Regenerative viticulture is about the ecological or biodiversity services offered within a farming system. The better we can foster these relationships and provide the right conditions, the greater the potential benefits to our vines, especially in terms of health.

Amber Valley's Steps Towards a Greener Future

Our vision at Amber Valley is to become a net-zero carbon business. We have almost achieved this goal, with our business premises powered by wind and solar energy that we capture and store in batteries. This energy is used to power fridges, lighting, charge our portable generator batteries and our battery-powered power tools.

We're also planning to bring bee hives to our vineyard sites, an initiative in its early stages. As part of our commitment to increasing biodiversity, we will be installing 10 bat boxes by next summer.

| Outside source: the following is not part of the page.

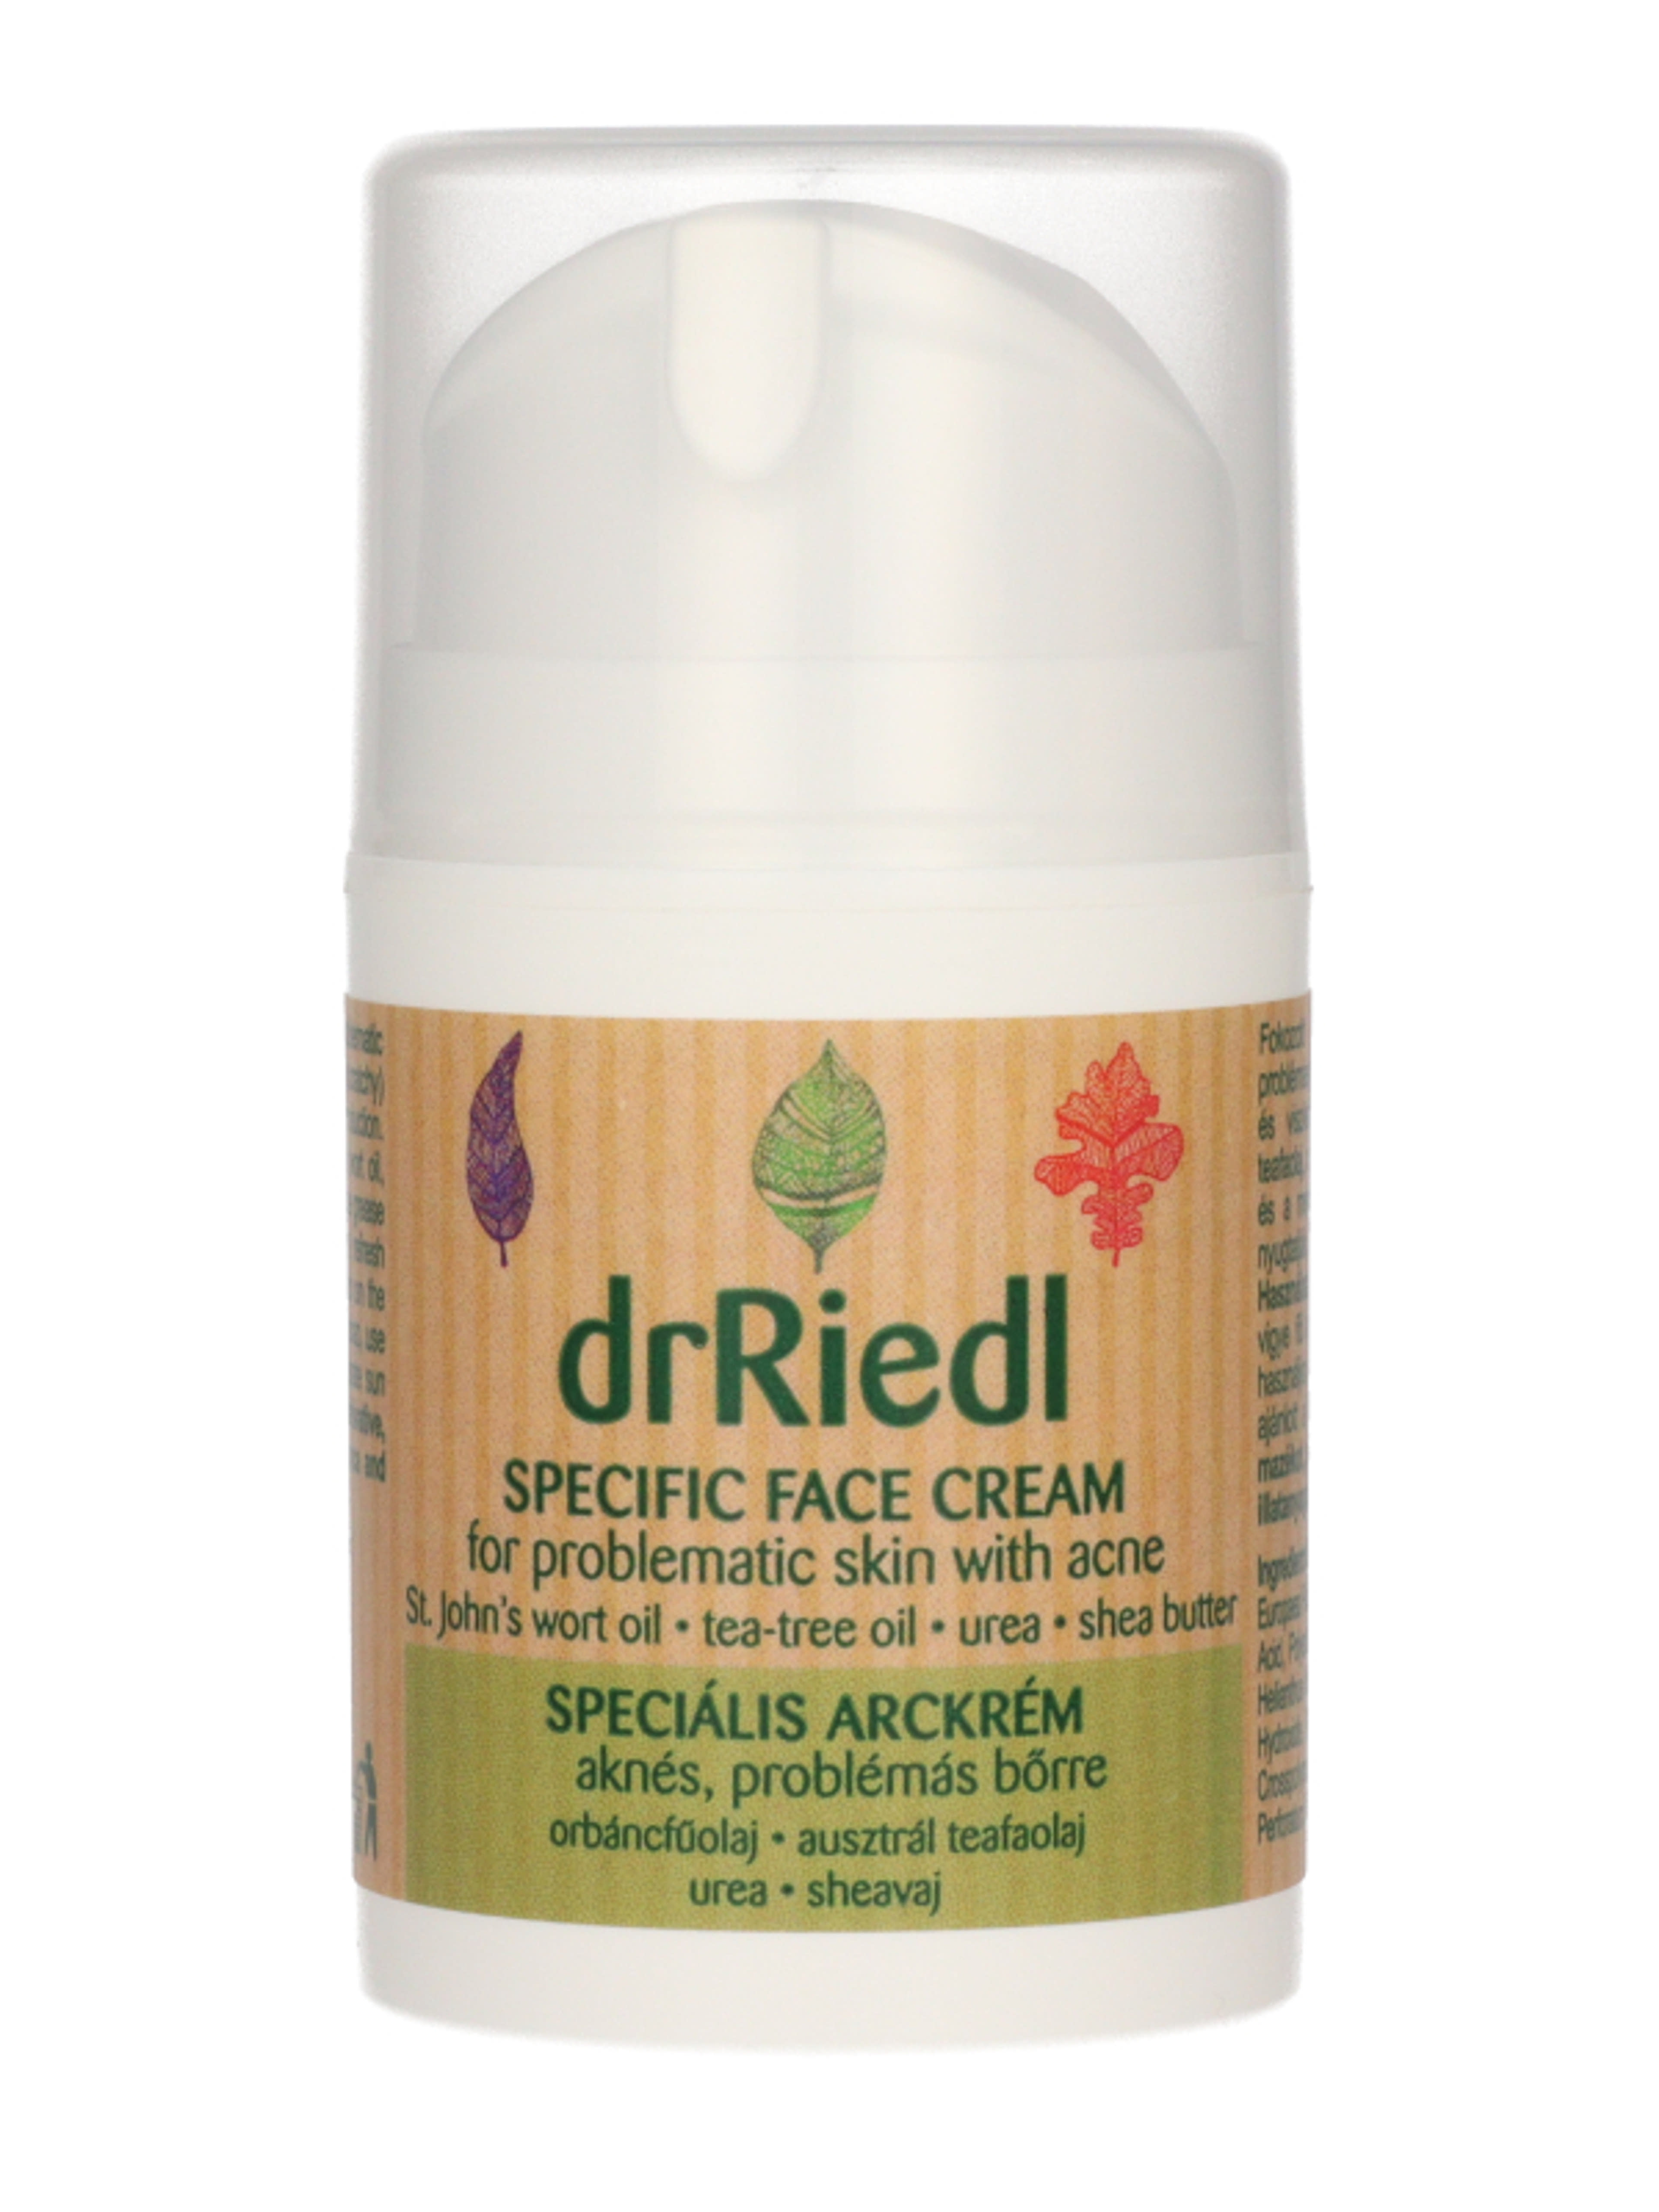 drRiedl speciális arckrém problémás bőrre - 50 ml-3
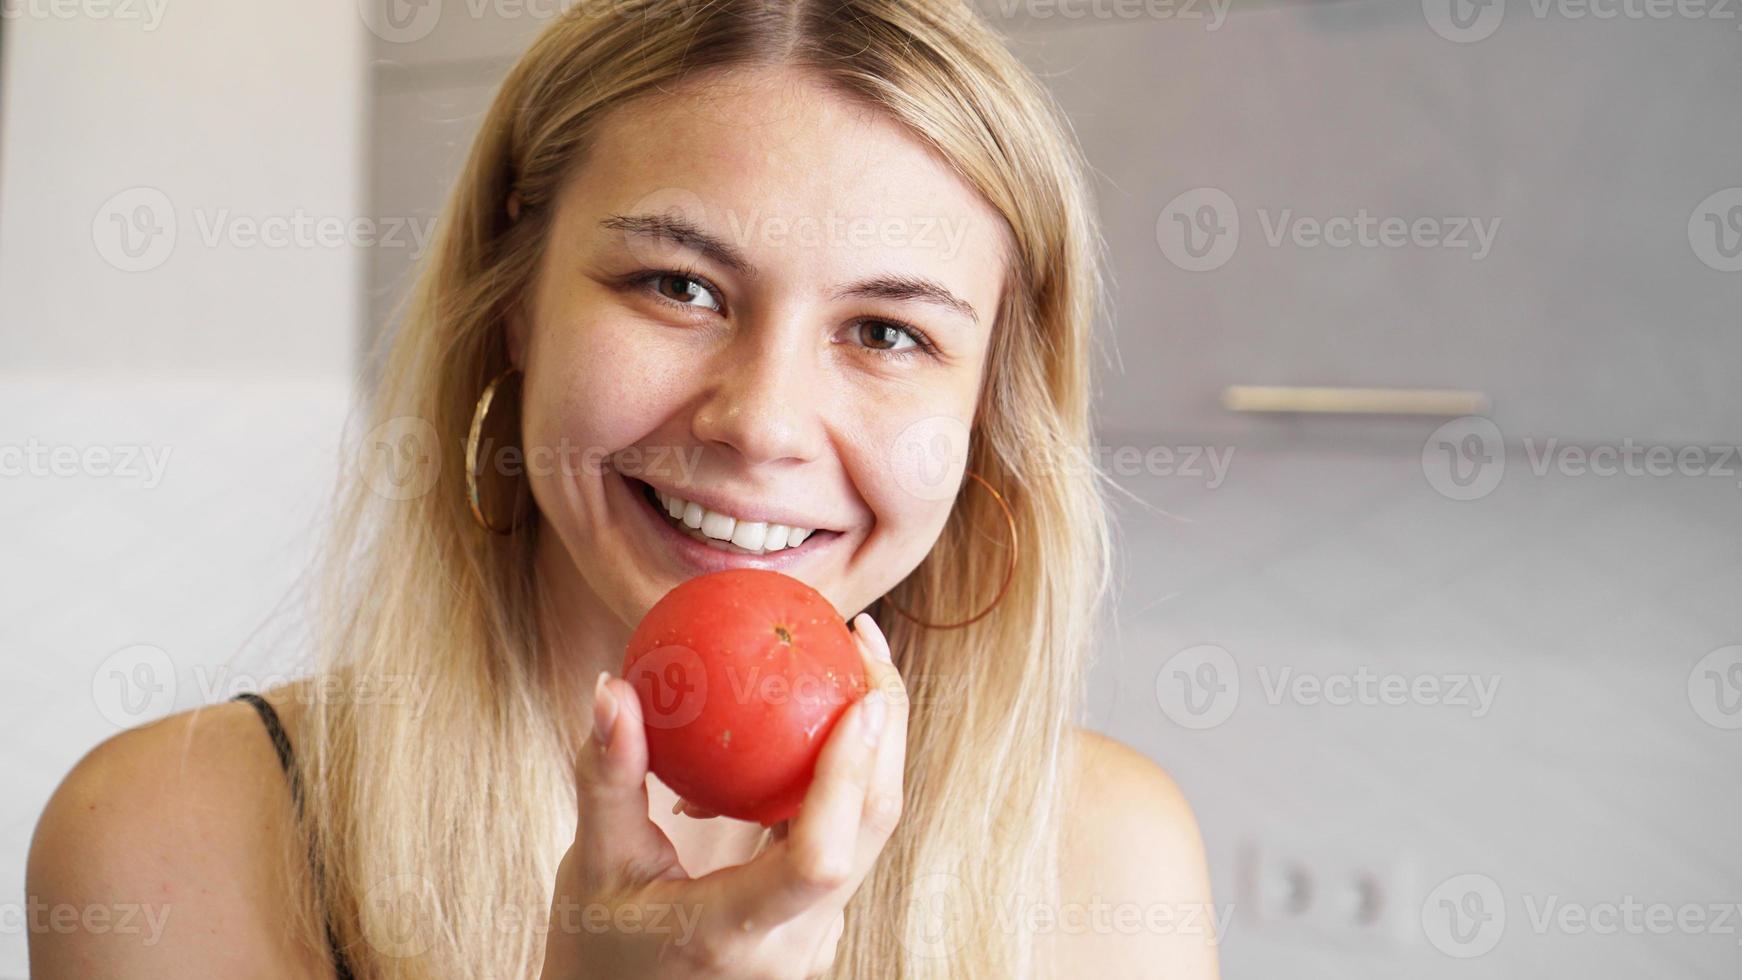 jonge gelukkige vrouw die tomaat vasthoudt en glimlacht foto

Our journey in regenerative viticulture has been exciting so far, and the way ahead promises more discoveries and growth. It is a method that is gaining traction, and we are keen to show that it can work, even in the UK's challenging climate. Over the coming years, we aim to adapt our methods further to improve biodiversity, ensure a healthy soil ecosystem, and experiment with things like particular cover crops, inter-vineyard grazing, and rotating unmown aisles for longer periods.

While the way of regenerative viticulture is a departure from the agricultural intensification of the last century, it represents a vital sea-change in practice. It may not happen overnight, but its promise for a greener, biodiverse, and mutually beneficial ecosystem within our vineyards that can sequester more carbon is compelling and ultimately sustainable.

As we continue to tread this path, we invite you, our community, to join us in our journey. We ask for a voluntary car parking payment to support our work, which wouldn't replace the usual investment we make in running our estate, but ensures we can do a bit more to enhance biodiversity and achieve our aims. Your contributions are a testament to our shared belief in a sustainable, diverse, and vibrant future for our vineyards.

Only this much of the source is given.